White is now campaigning for the congressional seat being vacated by Rogers' former client, Rep. Heather Wilson.
Rogers and White, the Bernalillo County Sheriff, are longtime friends. Rogers worked closely with White in 2004 to challenge the veracity of voter registrations in the county.
They also have something else in common: They were both implicated in Iglesias’s firing. New Mexico’s Republican Senator, Pete Domenici, had recommended Rogers to replace Iglesias as U.S. Attorney when Iglesias was fired.
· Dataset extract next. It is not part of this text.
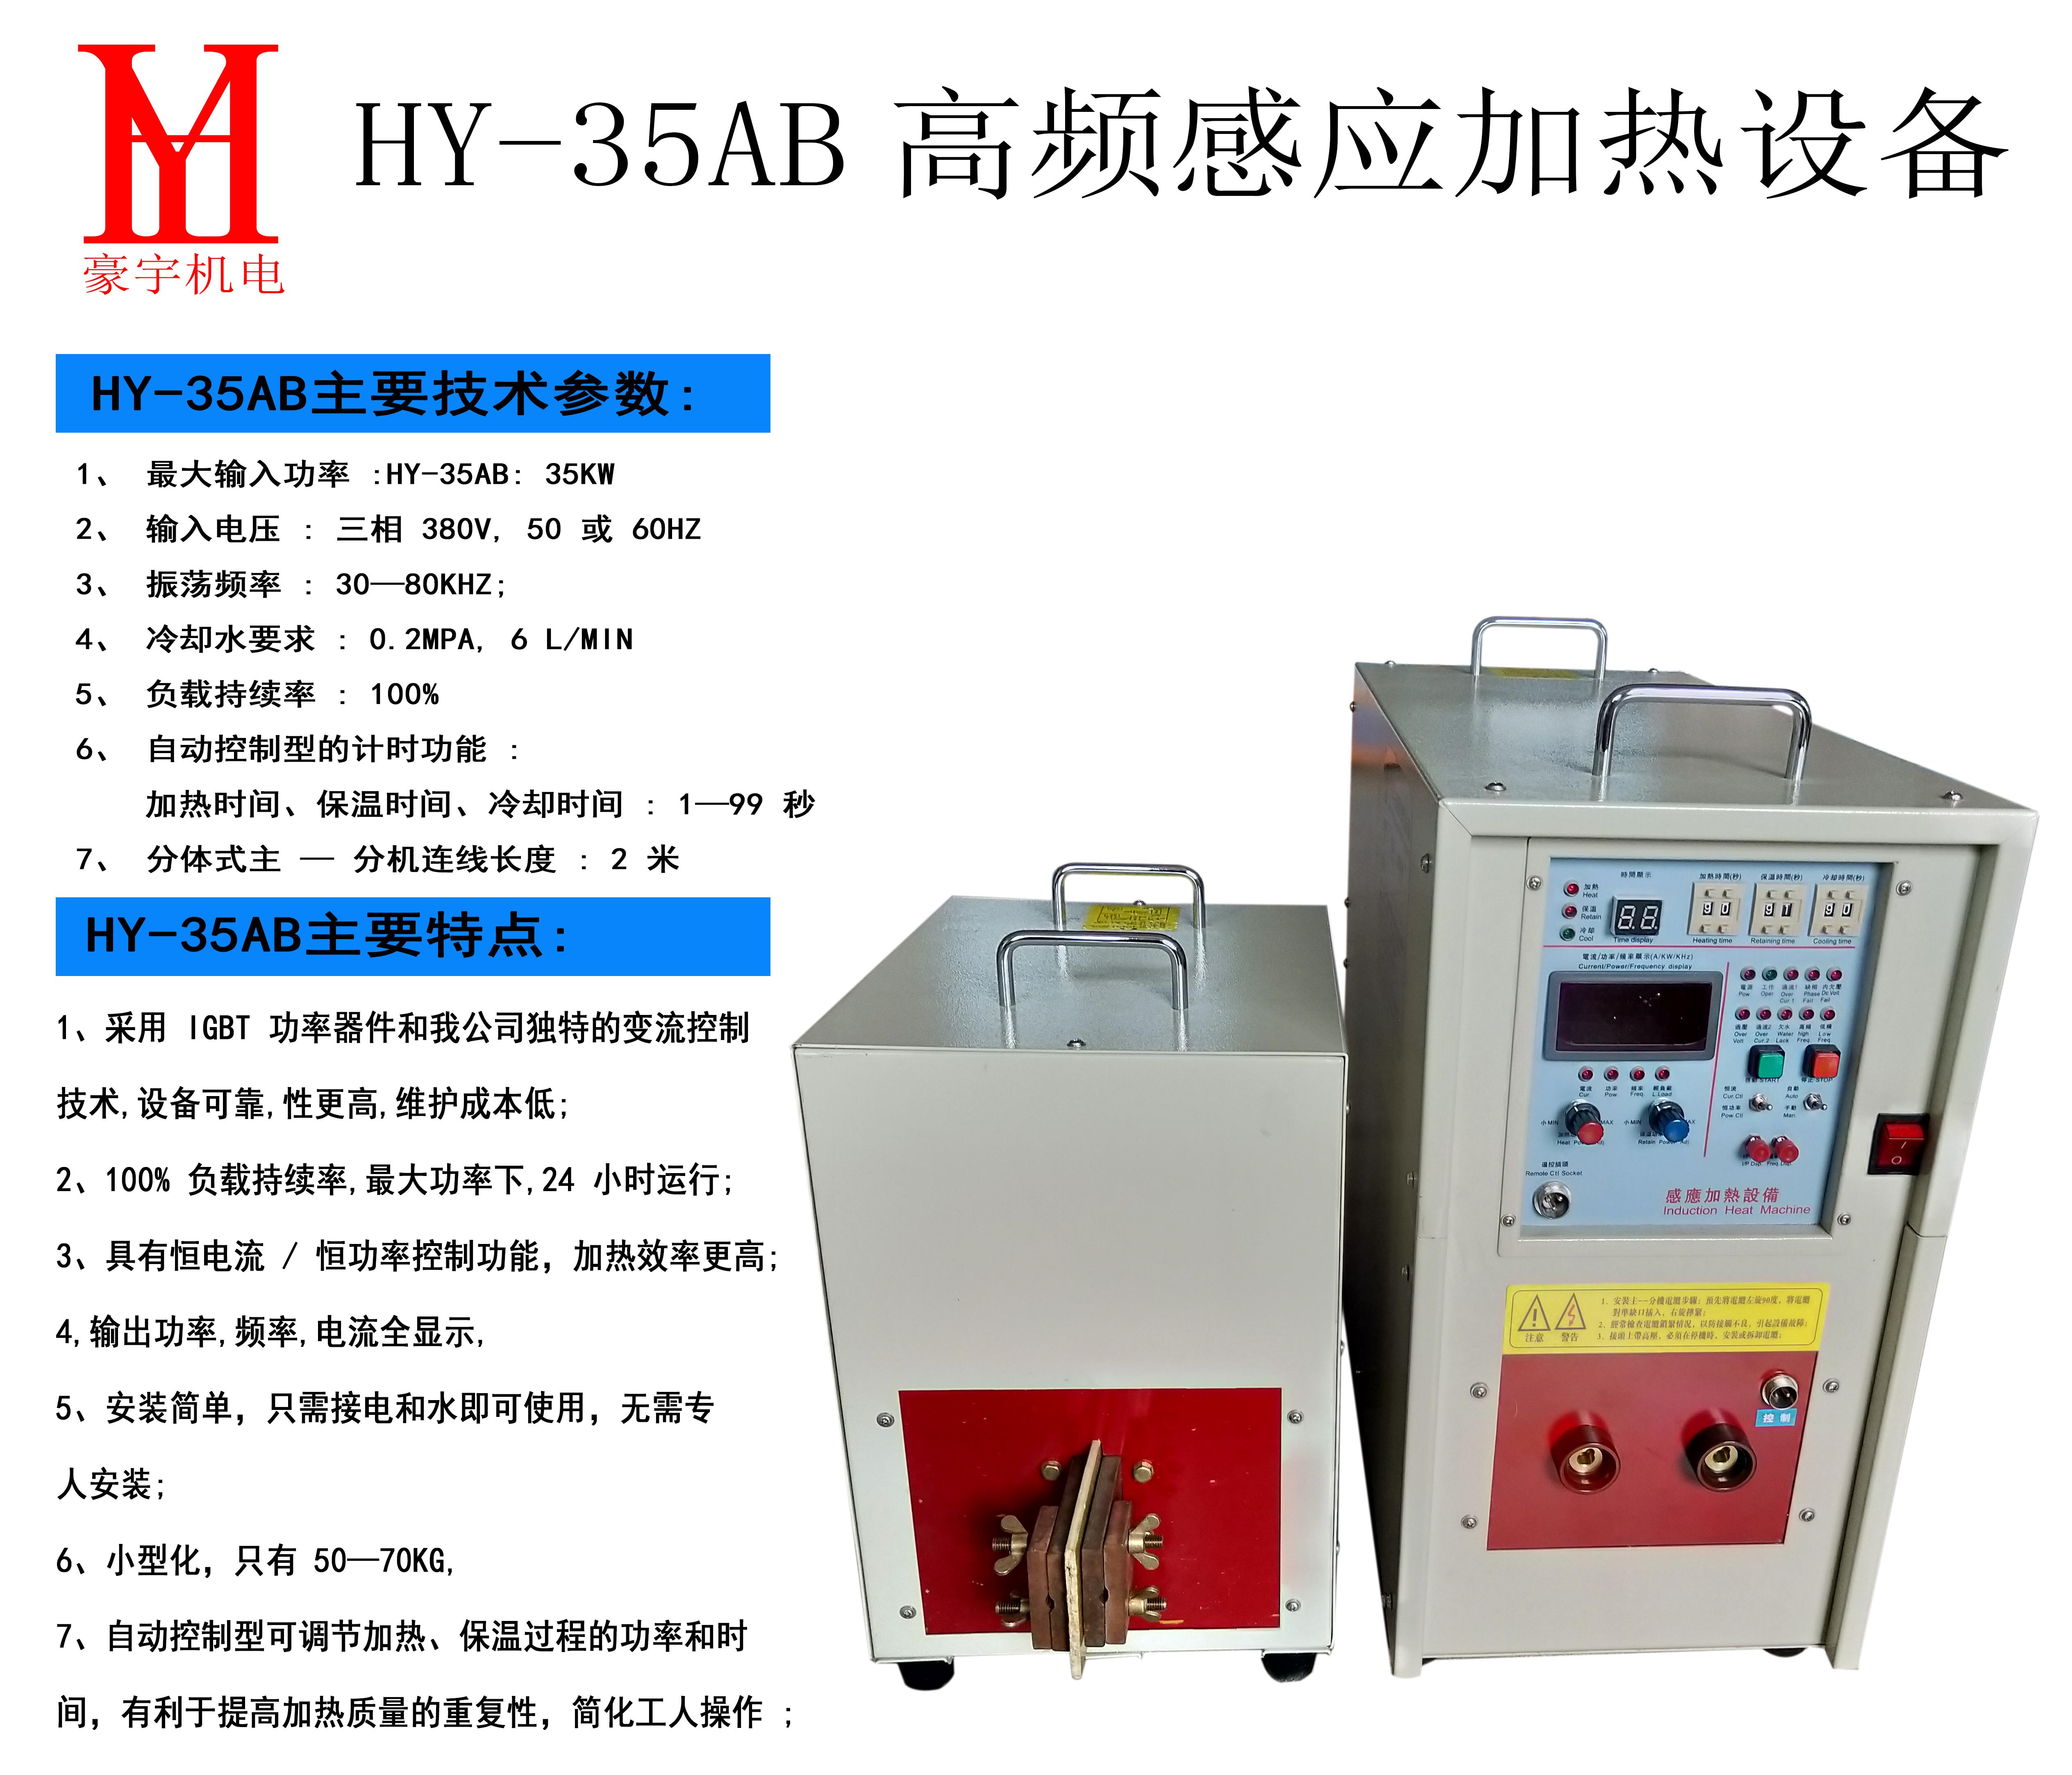 WDS-35AB技术参数
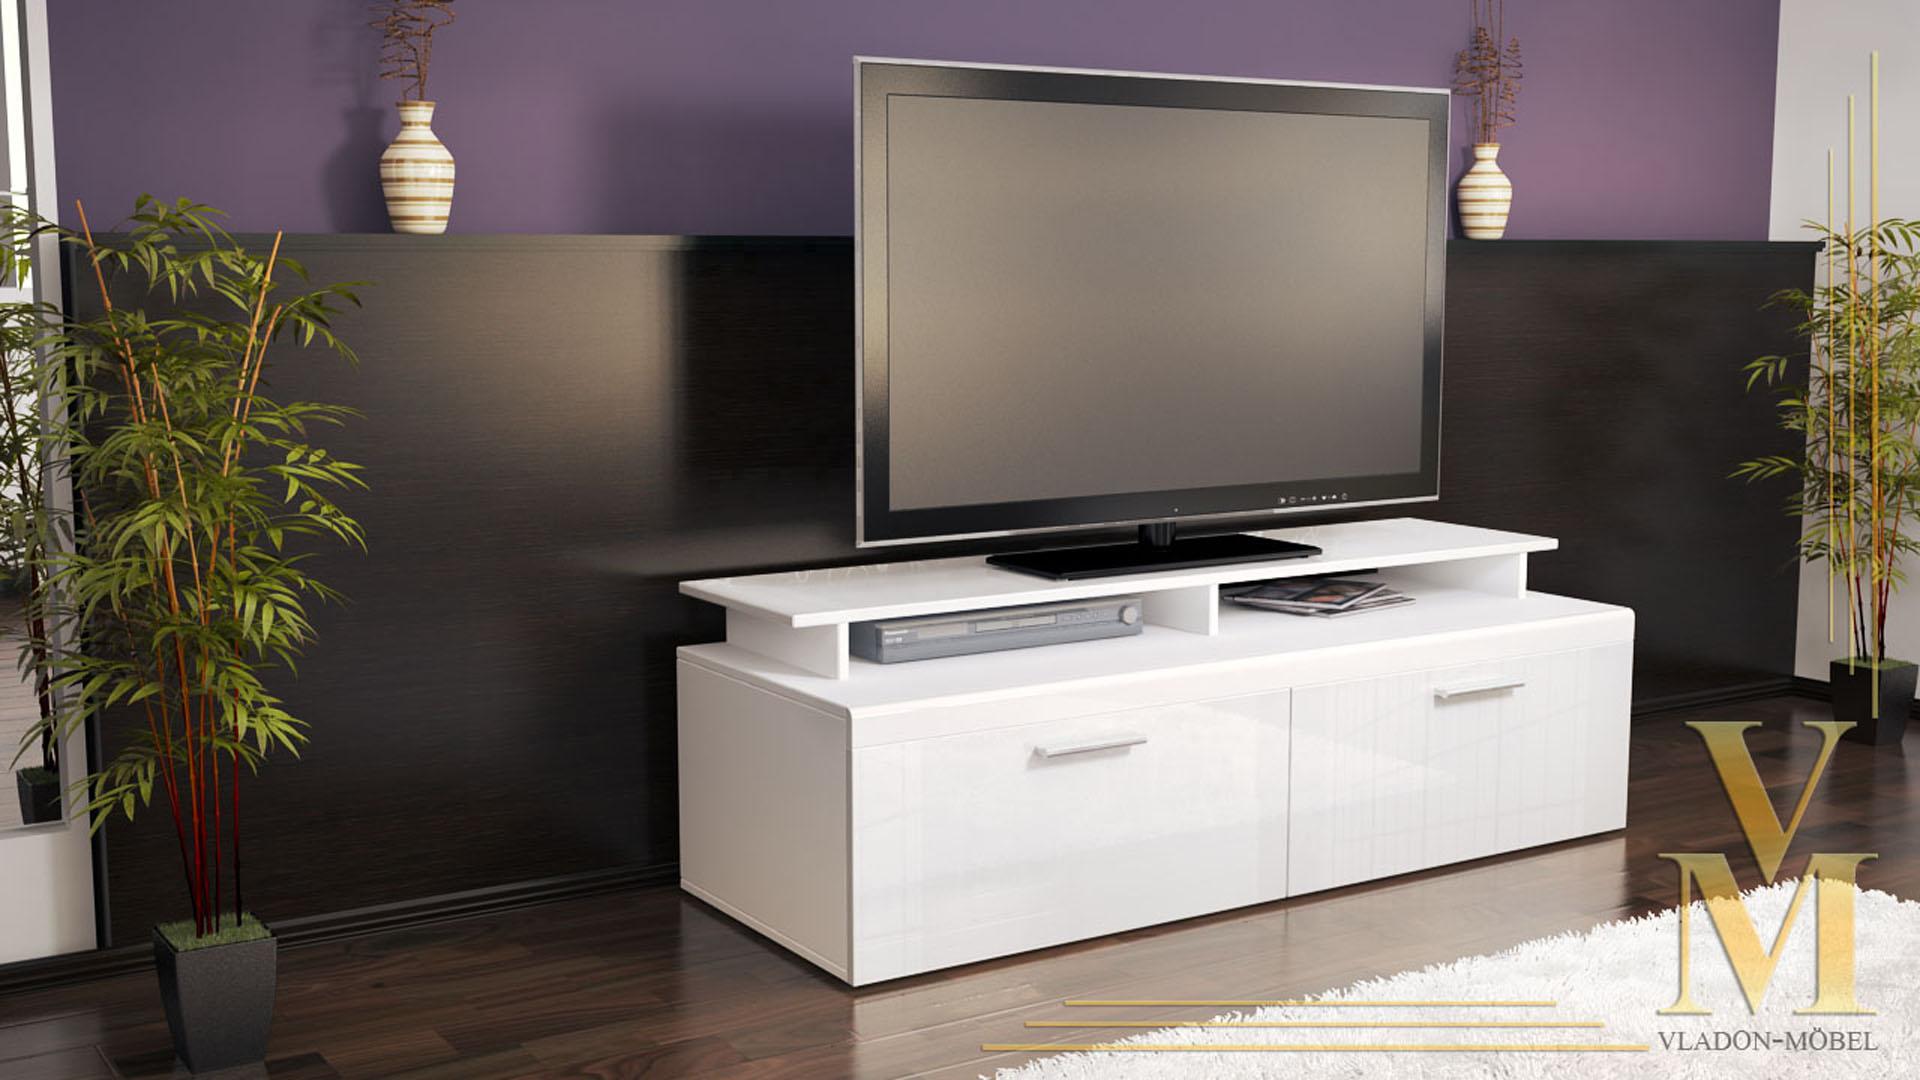 tv board lowboard sideboard tisch atlanta wei hochglanz naturt ne ebay. Black Bedroom Furniture Sets. Home Design Ideas

The DOJ report said Domenici played a major role in Iglesias’s ouster.
"In a March 2006 e-mail forwarded to [Craig] Donsanto in the [Justice Department's] Public Integrity Section, Rogers complained about voter fraud in New Mexico and added, ‘I have calls in, to the USA [U.S. Attorney] and his main assistant, but they were not much help during the ACORN fraudulent registration debacle last election.”
Donsanto was the author of the updated May 2007 Federal Prosecution of Election Offenses manual that softened the warnings about investigating and prosecuting voter fraud cases before an election.
In June 2006, Rogers sent Iglesias's Executive Assistant U.S. Attorney Rumaldo Armijo an e-mail:
“The voter fraud wars continue. Any indictment of the Acorn woman would be appreciated. . . . The ACLU/Wortheim [sic] democrats will turn to the camera and suggest fraud is not an issue, because the USA would have done something by now. Carpe Diem!”
John Wertheim was then chairman of the New Mexico Democratic Party.
Iglesias said he now believes GOP claims of voter fraud have been “unique to the Bush administration.”
“If voter fraud is such a problem nationally, why have there only been a handful of prosecutions in the past few years?” he said.
Rogers told The Public Record the Justice Department report on the U.S. Attorney firings “is erroneous is so many ways it is not possible to address them all."